The people of the Arctic filed a landmark human rights complaint against the United States, blaming the world's No. 1 carbon polluter for stoking the global warming that is destroying their habitat.

The Inuit Circumpolar Conference (ICC), representing native people in the vast, sparsely-populated region girdling the Earth's far north, said they had petitioned an inter-American panel to seek relief for Canadian and US Inuit.

"For Inuit, warming is likely to disrupt or even destroy their hunting and food-sharing culture as reduced sea ice causes the animals on which they depend to decline, become less accessible, and possibly become extinct," said Robert Corell, who spearheaded an Arctic climate impact assessment.

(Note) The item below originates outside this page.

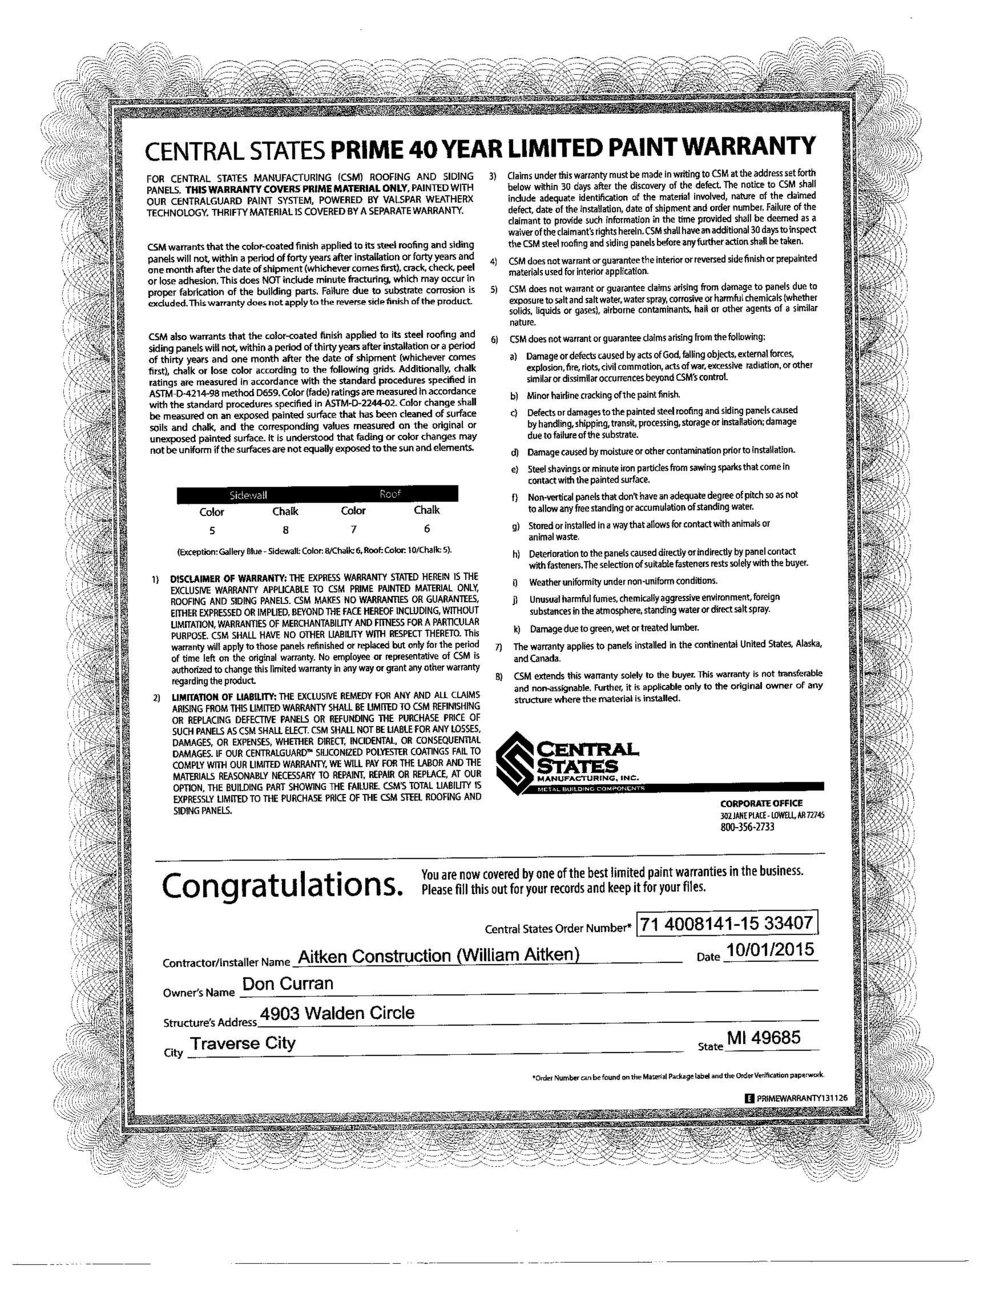 4903 Waldon Circle, Traverse City, MI – 3 Bedroom & 2 Bath Ranch Home for sale by Oltersdorf Realty LLC marketing packet (17).jpg

More than 150,000 Inuit, formerly called eskimos, are spread throughout the vast frozen northern territories of Alaska, Canada, Greenland, Scandinavia and Russia.

These regions have experienced the most rapid and severe climate change on earth, according to Corell's assessment, which was prepared over four years by more than 300 scientists from 15 countries and six indigenous organizations.

Global warming has caused the northern ice cover to retreat, making it more dangerous for the Inuit to hunt food animals such as polar bears, seals and caribou, their investigation found.

These animals also face decline or extinction, unable to adapt to warmer temperatures as their own access to food sources, breeding grounds and migration routes are altered.

And, rising sea levels and flooding threaten coastal Inuit communities.

"Inuit are an ancient people. Our way of life is dependent on the natural environment and animals. Climate change is destroying our environment and eroding our culture," said Sheila Watt-Cloutier, the ICC chair.

"But we refuse to disappear. We will not become a footnote to globalization."

The petition urges the Washington-based Inter-American Commission on Human Rights to declare the United States to be in violation of the 1948 American Declaration of the Rights and Duties of Man.

It also wants the Commission to recommend that the United States adopt mandatory limits of its greenhouse-gas emission and join international efforts to curb global warming.

And it wants the Commission to declare the United States should help the Inuit adapt to unavoidable impacts of climate change.

If the Commission rules in favour, the impact will be more political than legal, the ICC acknowledged.

The panel, part of the Organisation of American States (OAS), is empowered to investigate and comment on human rights abuses, but has no power of enforcement.

Rising emissions of carbon dioxide (CO2) and other greenhouse gases primarily caused by burning fossil fuels are expected to warm the Arctic about 4-7 C (7.2-12.6 F), about twice the global average rise, over the next century, the ICC report concluded.

These dramatic climate changes "violate the Inuit's right to practice and enjoy the benefits of their culture."

Canadian Prime Minister Paul Martin added to this gloomy tableau.

"High in the Arctic, in our interior and along our coasts, the country we know is being transformed," he said.

"Winters are growing milder, summers hotter and more severe, there is plant life where before there was none; there is water where before there was ice. Our permafrost is thawing -- and releasing methane gas into the atmosphere, accelerating climate change itself."

"Within short decades, the Northwest Passage, the famously un-navigable thoroughfare of history, may be passable -- a striking and unsettling example of our delicate balance succumbing to untenable strain," Martin added.

The United States, with only five percent of the world's population, emits some 25 percent of all harmful greenhouse gases.

Washington signed the 1992 Rio Convention on climate change and the Kyoto Protocol, but refused to ratify the latter.

The Inuit petition came as more than 100 ministers gathered Wednesday for the main part of a UN climate change conference in Montreal that has been going on since November 28 and is to end Friday.